[DIRECTIONS FOR THIS TASK]
The lines from the one with "635832341330445071 1116502377 o" through the last line of the material below, copied exactly and free of pictures, make up the whole answer.

[DATASET EXTRACT]
------------------------------------
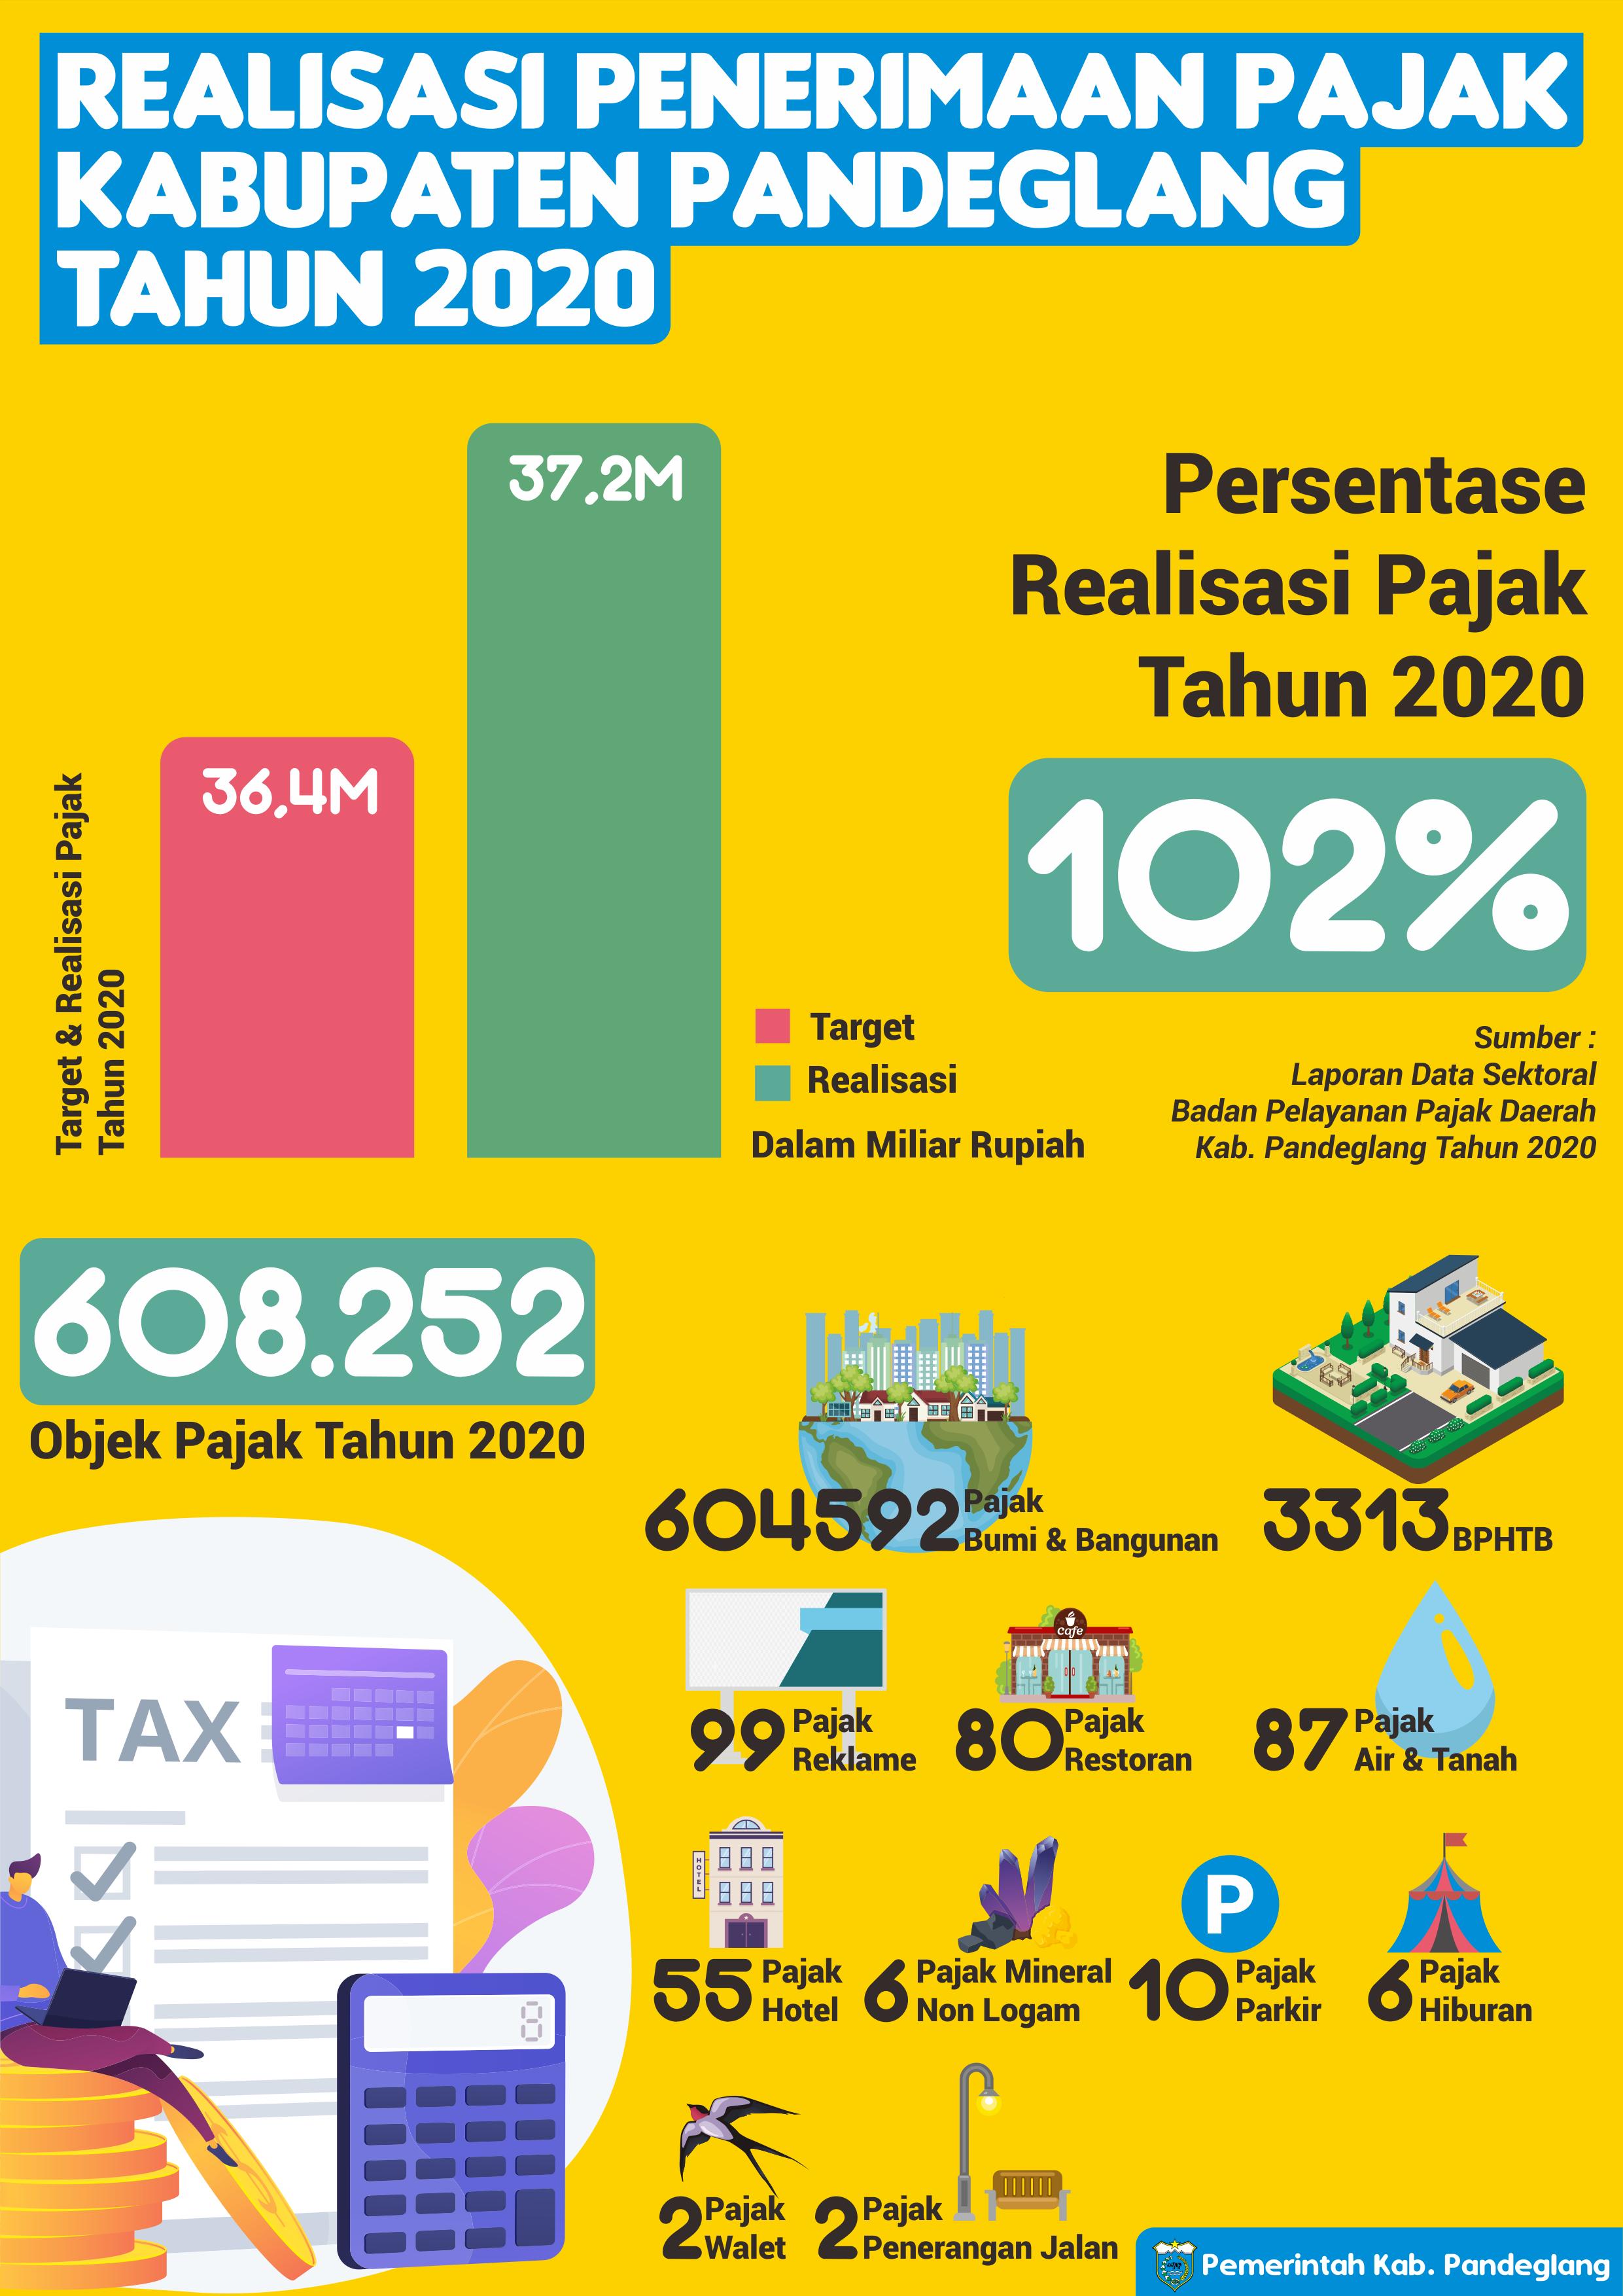 Realisasi Penerimaan Pajak Daerah Kabupaten Pandeglang Tahun 2020
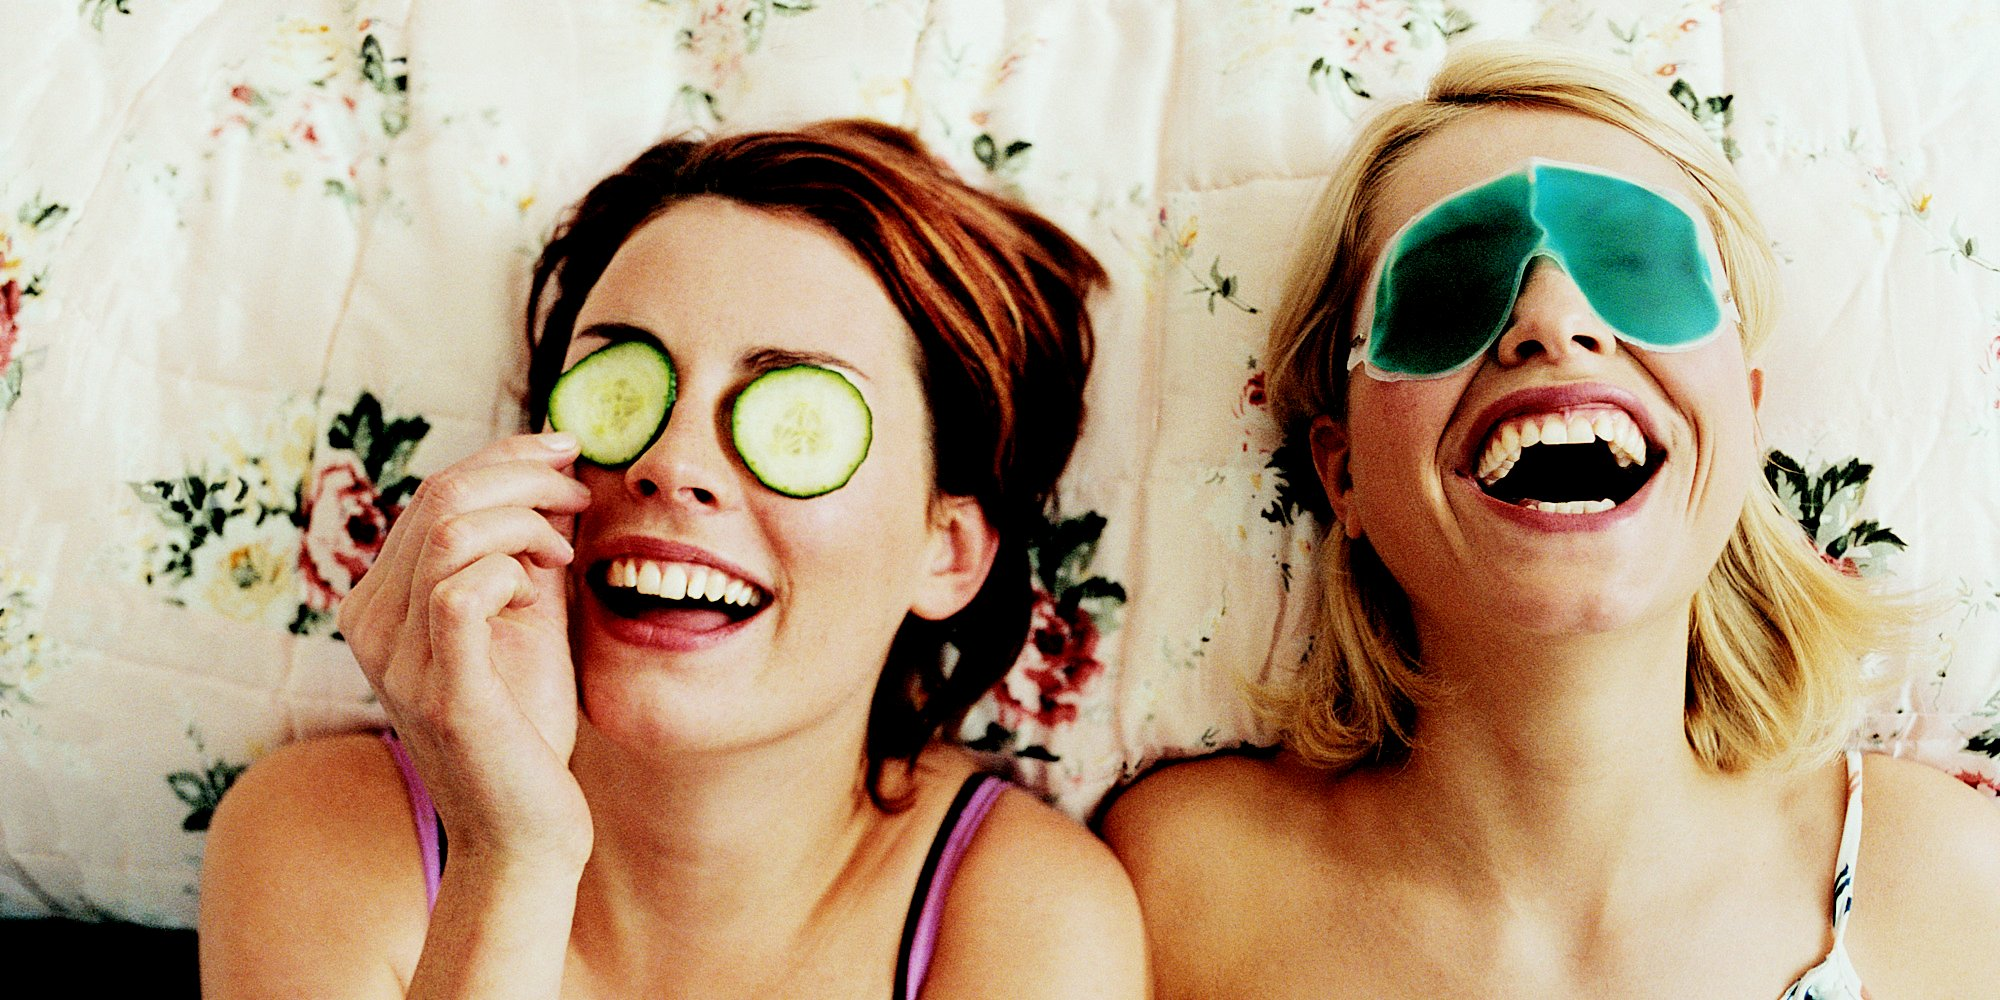 635832341330445071 1116502377 o friends laughing facebook - Passar um tempo com sua melhor amiga melhora sua saúde
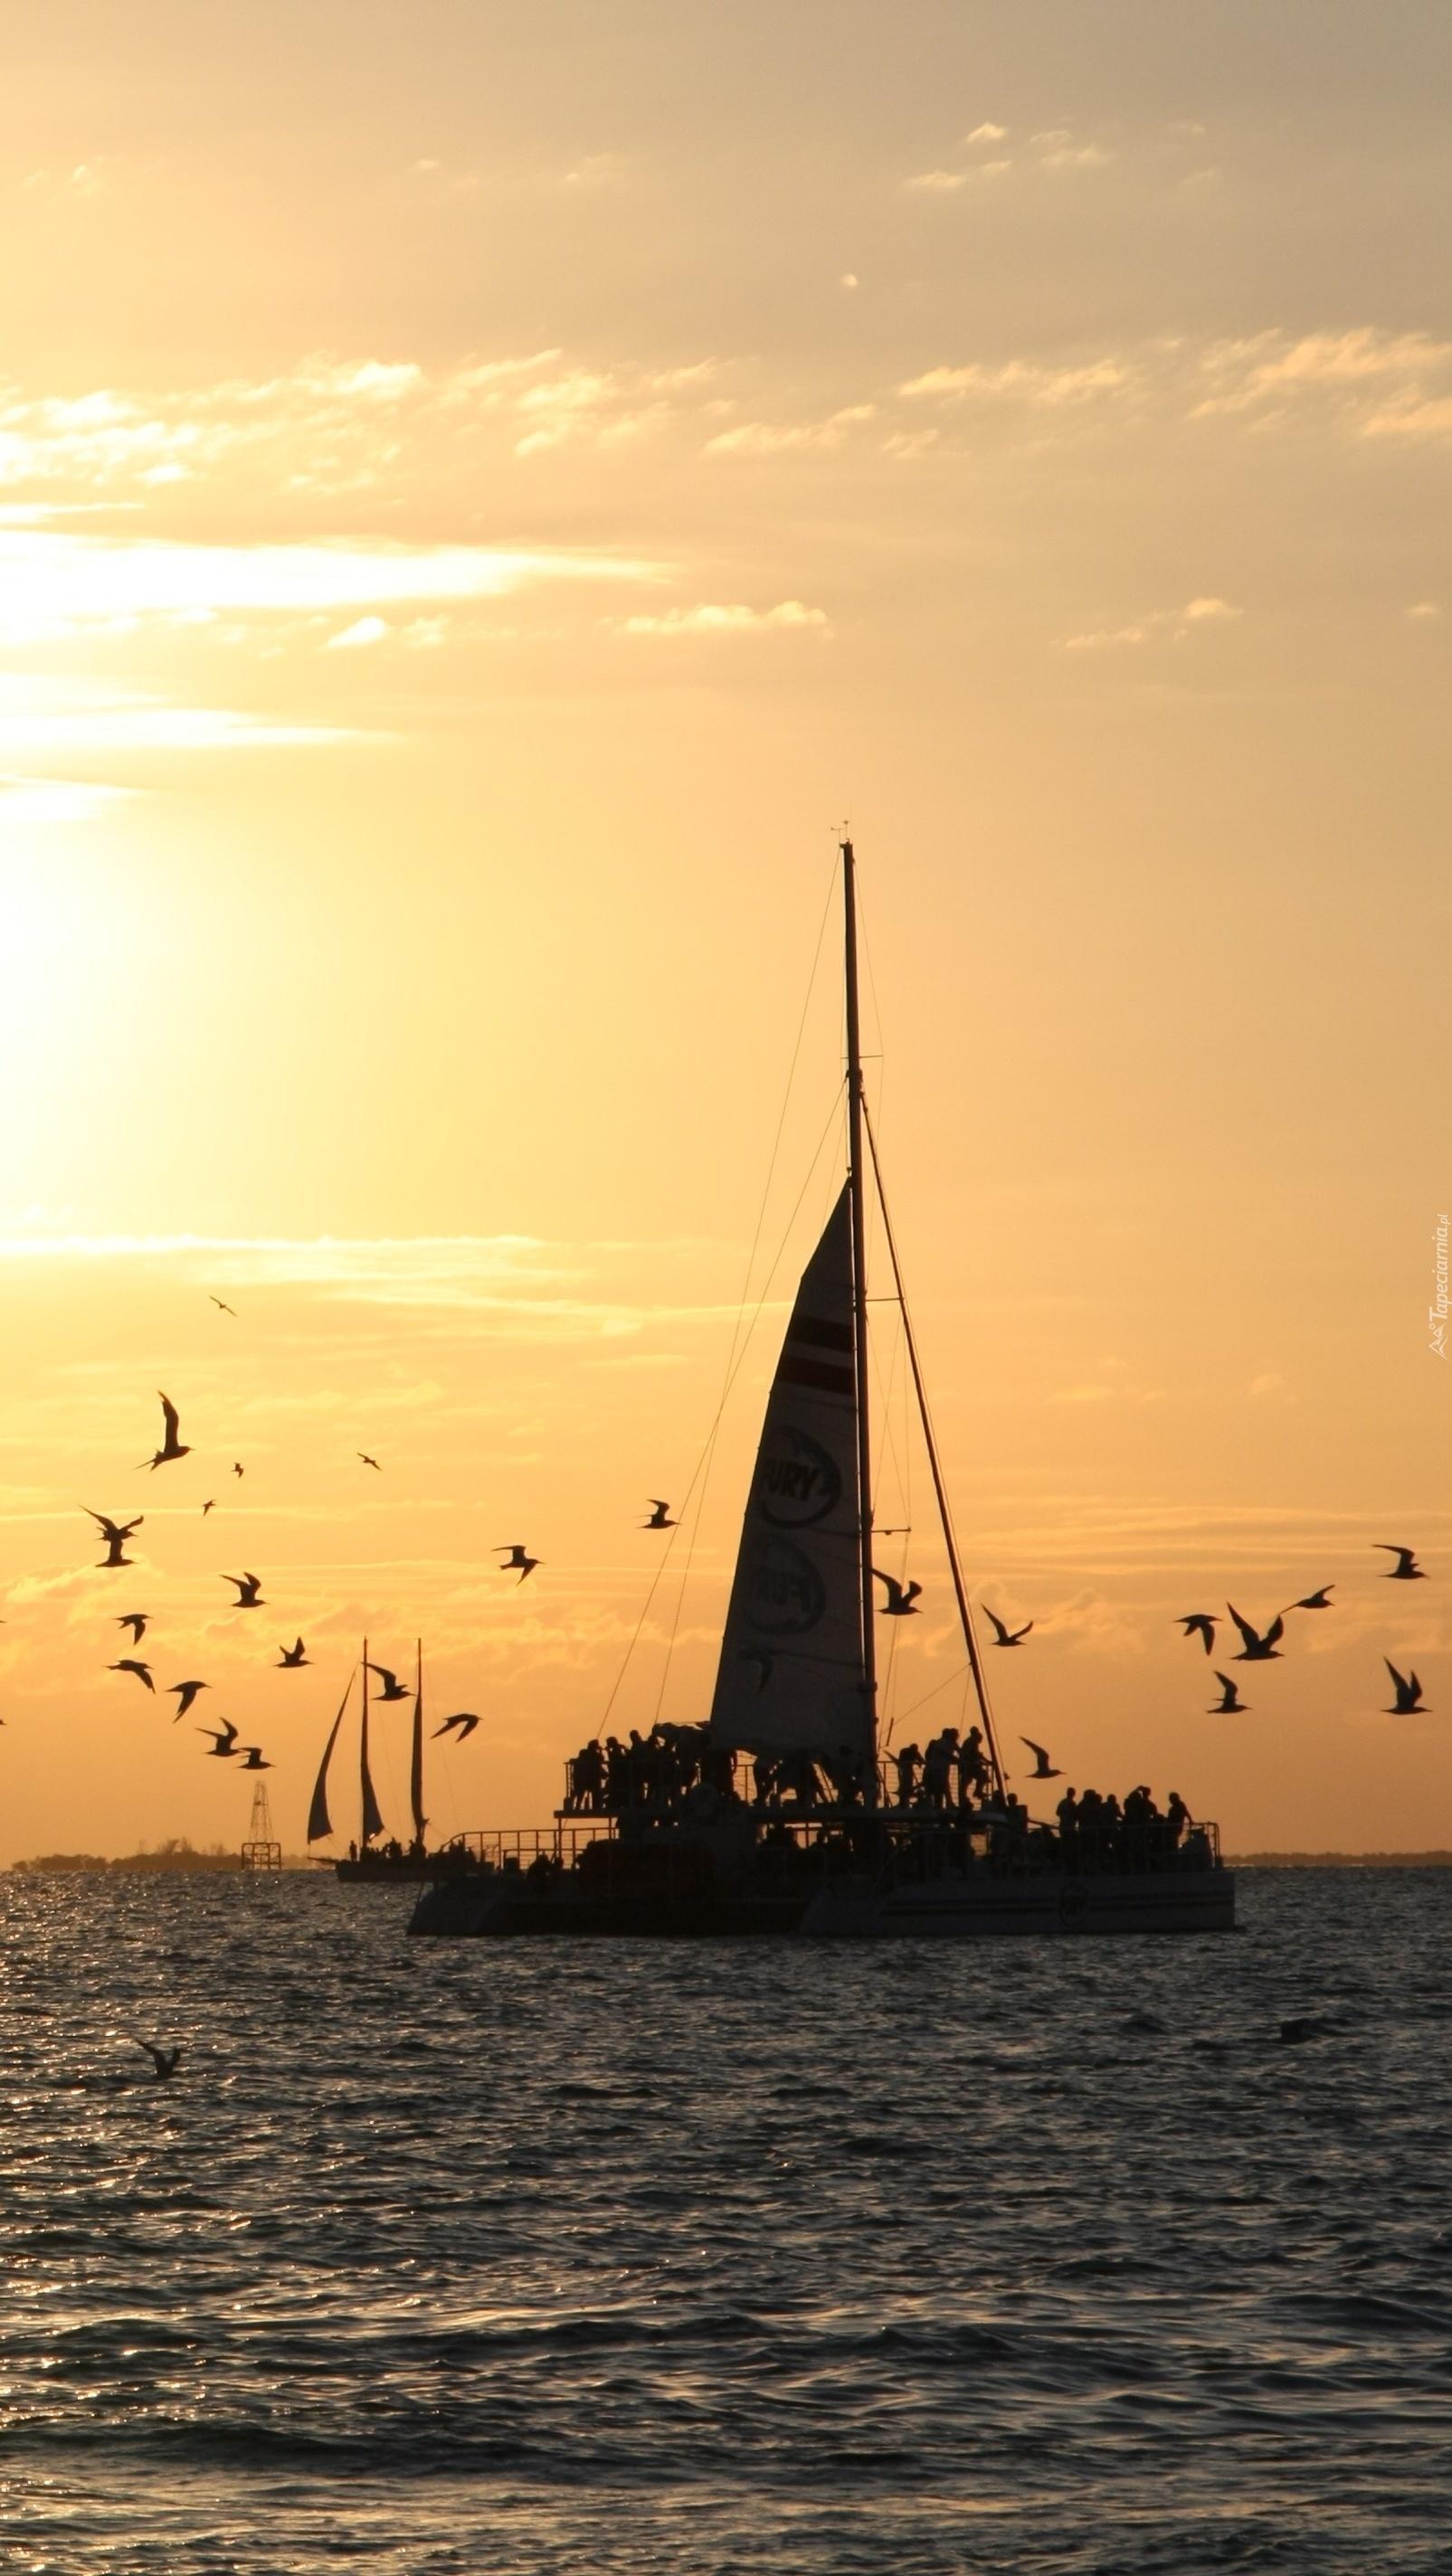 Ptaki wokół łodzi na morzu
------------------------------------
[WRITTEN ANSWER]
 635832341330445071 1116502377 o friends laughing facebook - Passar um tempo com sua melhor amiga melhora sua saúde
 Ptaki wokół łodzi na morzu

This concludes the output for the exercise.